— Опять сменил зазнобу, Казакова?
— Она меня сменила. На выпускника юрфака.
— Так ты тоже юрфак кончил.
— Я мент, а он в адвокаты метит.
— Ну и Бог с ней.
— Полин, у меня лысины нет? — склонил он голову.
— Нет, — констатировала я, всмотревшись.
— Это доказательство, что волосы я на себе не рвал.
— И что не любил.
— Получается по-твоему. Но выяснилось это только после встречи с Юлькой. А до этого страдал. И готов был кем и чем угодно клясться, что люблю.
— Итак, Сергей и Юлия. Красиво.
— Дано же тебе слова произносить. Действительно, звучит.
— А смотрится?
— Надеюсь. С тобой легко на личные темы разговаривать.
— Сейчас. Когда поняла, что человеку надо поделиться чувством или впечатлением, не более. А раньше интересовалась подробностями и лезла с выводами и предсказаниями. Могла вмешаться в отношения. До скандалов.
— Не верится.
— Зря. Ты убийц останавливаешь на скаку, меняешь мир по мере возможностей. И ищешь девушку, которая обомрет от тебя такого, какой ты есть. А мне дано себя менять. И я намерена преуспеть хоть во внутреннем, собственном. С общественно-полезной деятельностью у меня не ладится.
— Моя говорит, если дома все будет нормально, то я за двоих на работе пахать буду.
— Ай да Юлька. Женись.
— Погожу, погляжу еще, как на адвокатов станет реагировать.
Да, привести в порядок мужское самолюбие катастрофически тяжело. Самое грустное, что женщина, потянувшая эту ношу, после кажется свидетельницей слабости. Бросит Балков свою непритязательную Юлю и снова кинется к некой парящей над бытом орлице. Снова его поклюют, подерут когтистыми лапами, побьют крыльями. И дождись Юленька милиционера с израненной душой, получится прекрасная жизнеутверждающая история. Но я и впрямь стала старше. И не сказала Сергею ничего больше. Все равно сделает по-своему. Ведь не только орлиц, но и голубок предостаточно на свете. Найдет не одну.

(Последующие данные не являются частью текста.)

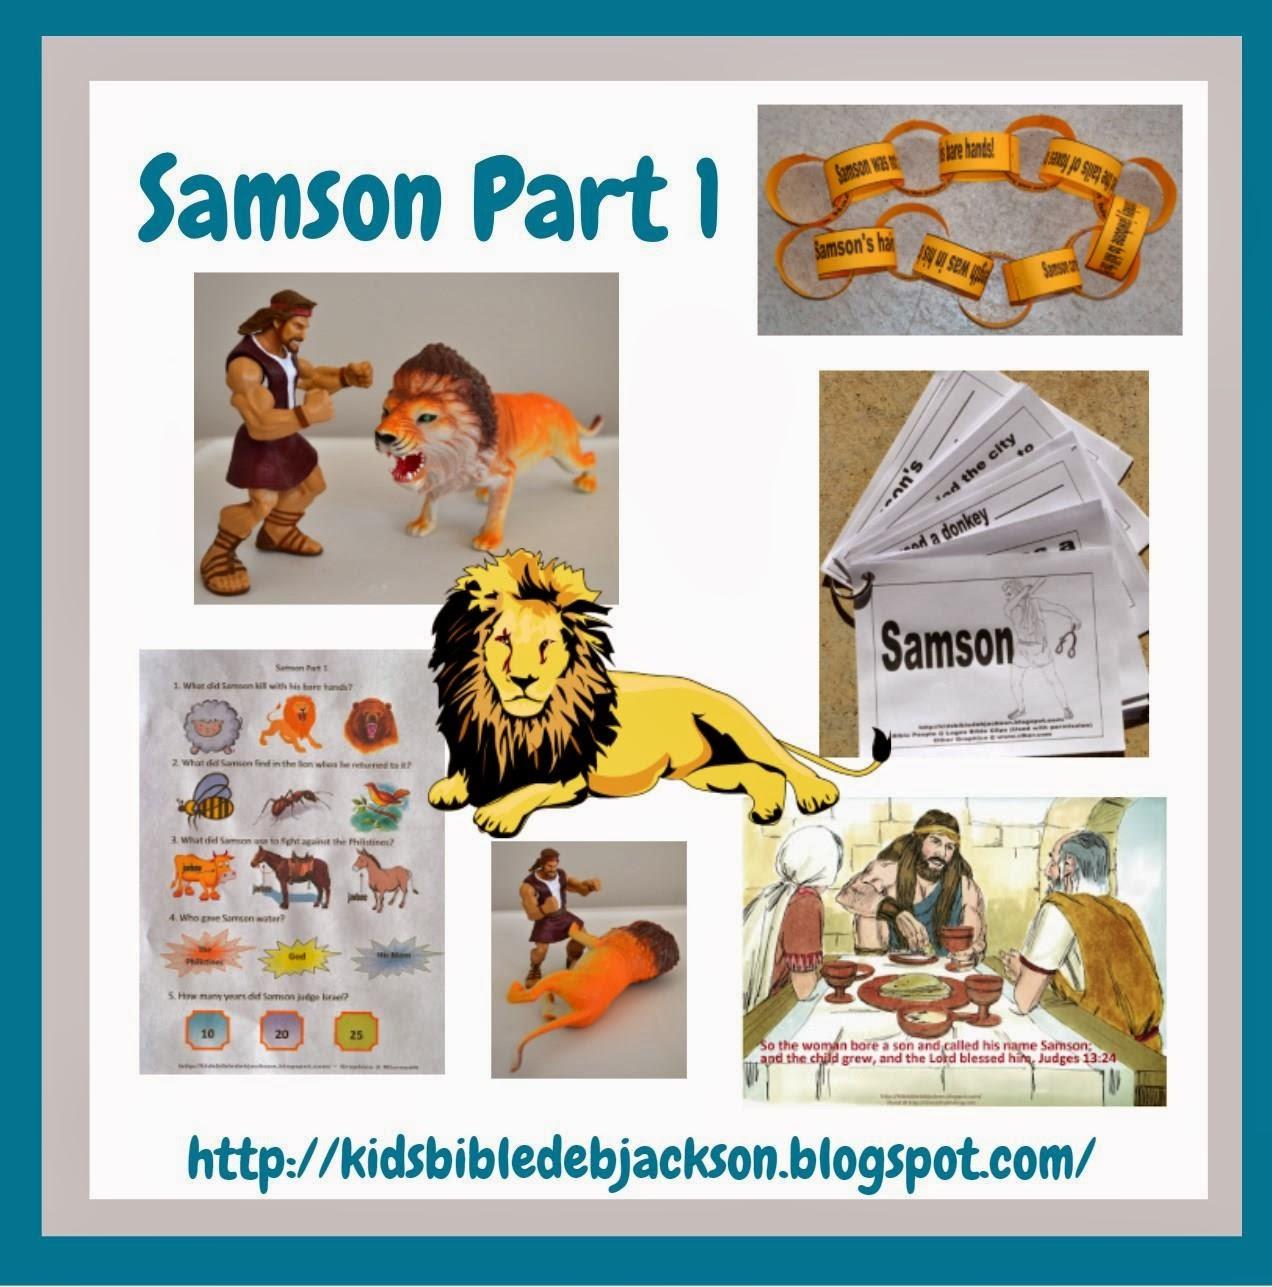 http://kidsbibledebjackson.blogspot.com/2014/01/samson-part-1.html

До «Березовой рощи» было минут сорок езды на машине или немного больше часа автобусом. Адаптации к отдыху, обеспечиваемой сменой пейзажей и вокзалов за окном поезда и облачными залежами за иллюминатором самолета, не предвиделось. Зато всегда можно дешево и без предупреждений удрать домой. Воистину, не бывает худа без добра. И добра без худа, к сожалению. Верно, я затосковала. Потому что, зарегистрировавшись, поднялась в комнату.
— Мне бы тут оберложиться хоть на недельку, — завистливо протянул Сергей, бросая на кровать мою сумку.
— Райские условия, — подтвердила я, стараясь скрыть раздражение.
— Ну, отдыхай. Полковник приказал поспешить с докладом, как ты устроилась.
— Спасибо, Сережа. Передай, что я в восторге.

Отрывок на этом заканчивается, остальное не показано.